Guardo fuori dalla piccola finestra della camera e noto il corpo minuto di Rebeka dirigersi verso la casa. Devo ammettere che mi sono leggermente preoccupato quando è svenuta sul pavimento del mio salotto. Mi sembrava la cosa migliore farla riposare nel letto e fortunatamente dopo poche ore si è svegliata. Ammetto di averla guardata un po' troppe volte mentre dormiva, ricordando ciò che è successo ieri sera alla festa. Aveva un espressione così serena mentre dormiva, gli occhi fremevano leggermente e le labbra rimanevano schiuse, era più pallida del solito e aveva la fronte leggermente sudata. Ero ubriaco, ma ricordo perfettamente ciò che è successo. La desideravo. La volevo. Quella ragazza ha molto fascino e l'ho desiderata. Ero rapito dalla sua semplicità, dai capelli spettinati e arruffati per tutte le volte che ha ballato in pista e per tutte le volte che l'ho guardata a sottecchi. Ero rapito dal suo sguardo spensierato e divertito, la maggior parte delle volte che la guardo negli occhi è arrabbiata con me assumendo molto spesso solo espressioni furenti o annoiate. Ma ieri sera ti ho guardata Rebeka, ti ho guardata eccome e tu non te ne accorgevi. Ti ho trovata sola e ferita e da persona ragionevole ti ho medicata anche contro la tua volontà. Poi ti ho guardata negli occhi verdi un po' schiusi circondati dal rossore sulle gote lentigginose a causa dell'alcol, e ti ho voluta. Come qualsiasi altro ragazzo che fa caso al tuo fascino fuori dal comune, diverso e differente, ti ho voluta. Volevo toccarti, volevo baciarti e in parte l'ho fatto. Tutto qui, è stata solo attrazione. Ma un attrazione che per certi versi mi è sembrata differente da quella che provo per altre ragazze. Nelle altre donne solitamente trovo attraenti, il seno, il sedere, i fianchi...

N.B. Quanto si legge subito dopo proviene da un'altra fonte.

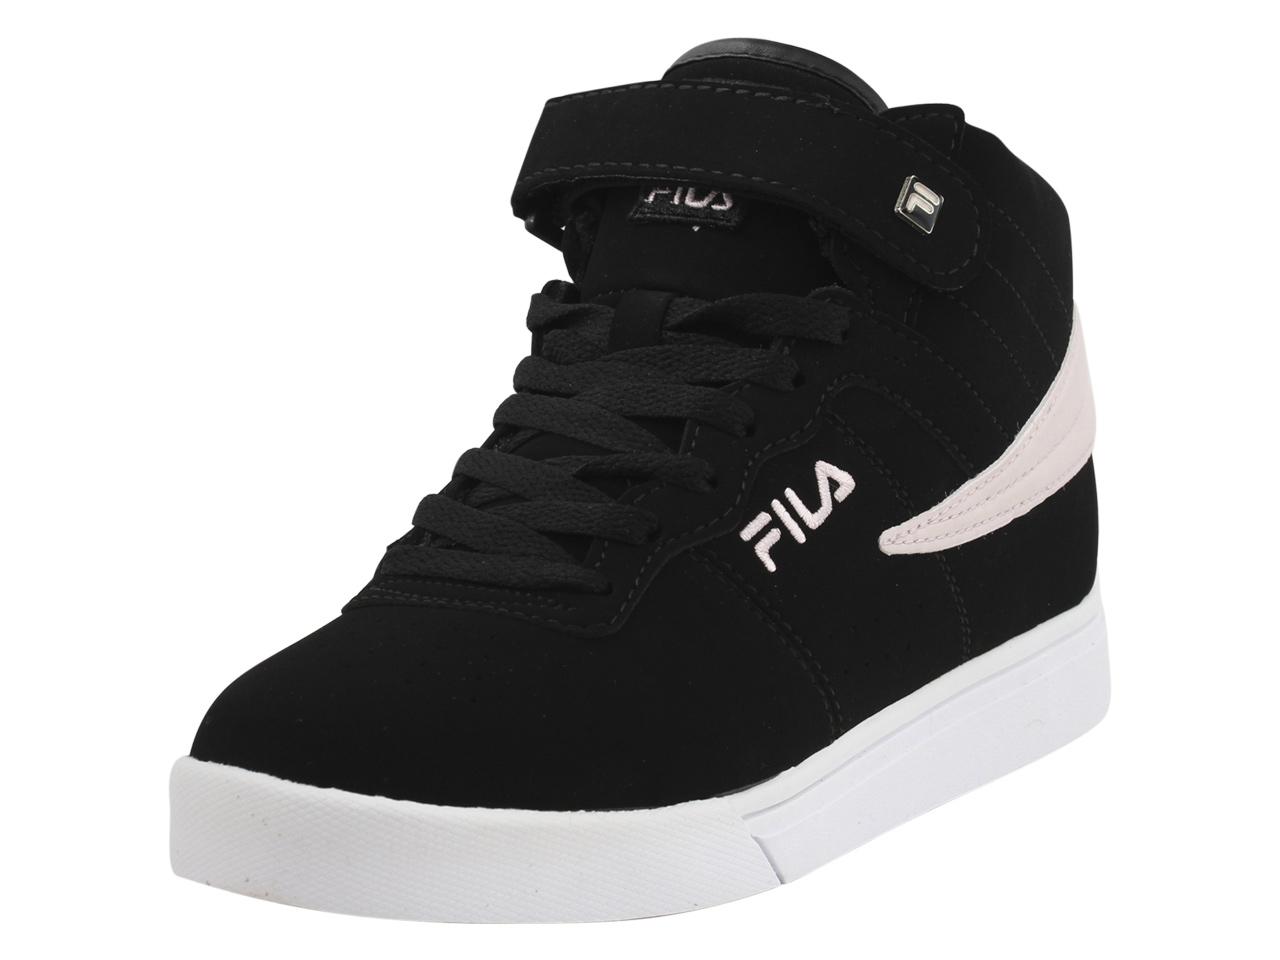 Fila Women's Vulc 13 MP Sneakers Shoes - Black/Chalk Pink/White - 10 B(M) US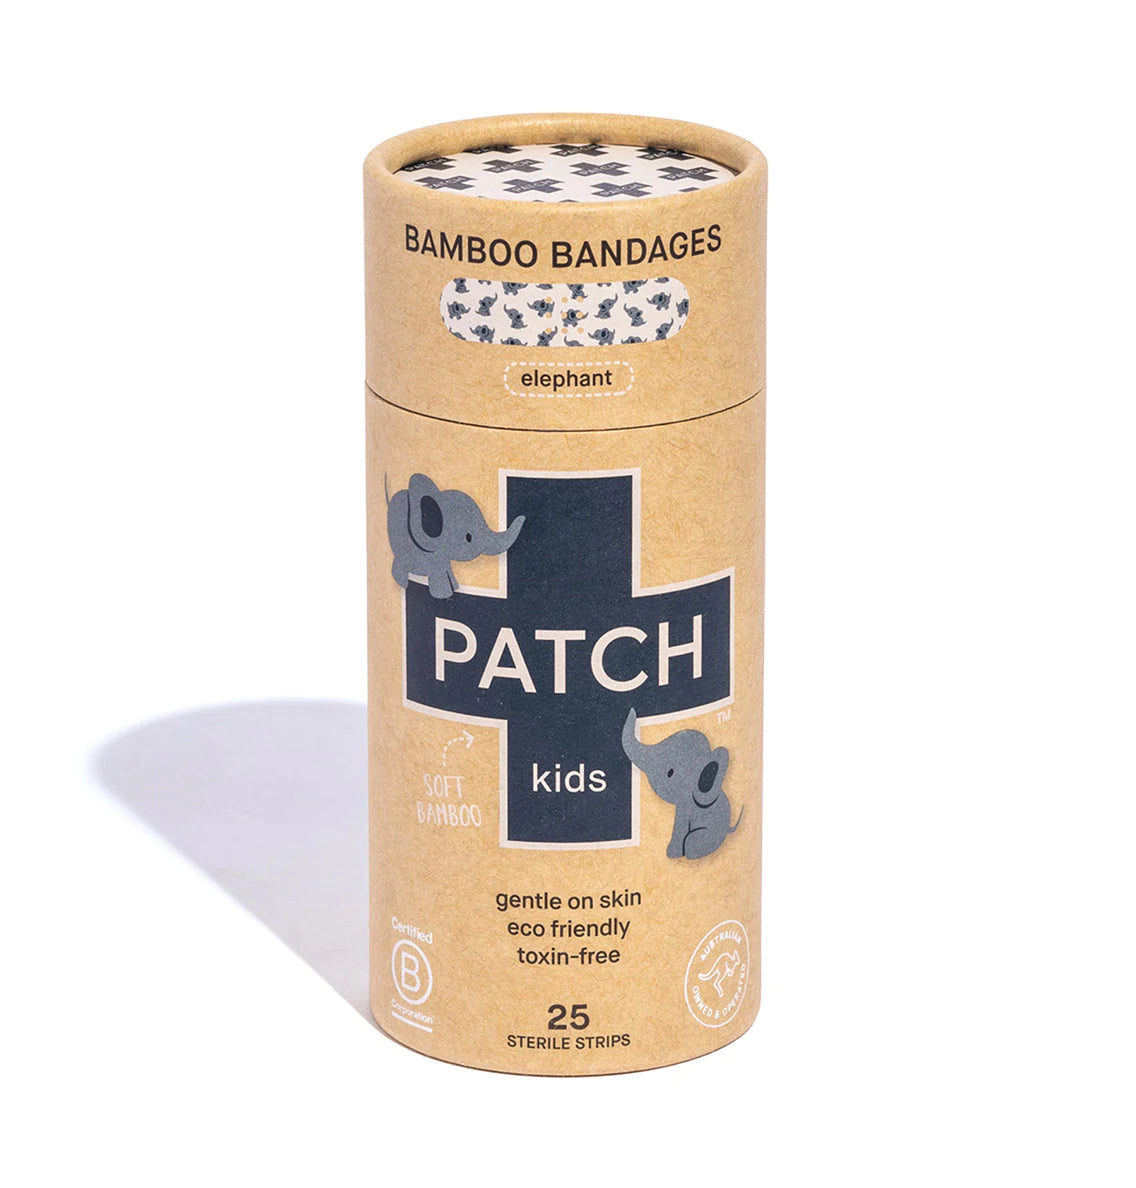 PATCH Bamboo Bandages - Elephant

Ma con te era diverso. Provavo attrazione per ogni parte del tuo corpo. Per ogni espressione, per ogni gemito. Il più delle volte preferivo guardarti in faccia quando ti toccavo. Preferivo guardare i tuoi occhi verde smeraldo, le tue labbra rosate e le gote rosse e lentigginose che fremevano e si arrossavano dal desiderio e dall'eccitazione. Ma ciò non cambia niente. Credo sia normale provare attrazione specialmente per una ragazza. Le cose tra me e lei rimarranno esattamente così come sono: è troppo acida per i miei gusti e non ci sopportiamo a vicenda. Questa è la realtà, così deve essere e a me va più che bene.
"Il destino è stato un fottuto stronzo con me"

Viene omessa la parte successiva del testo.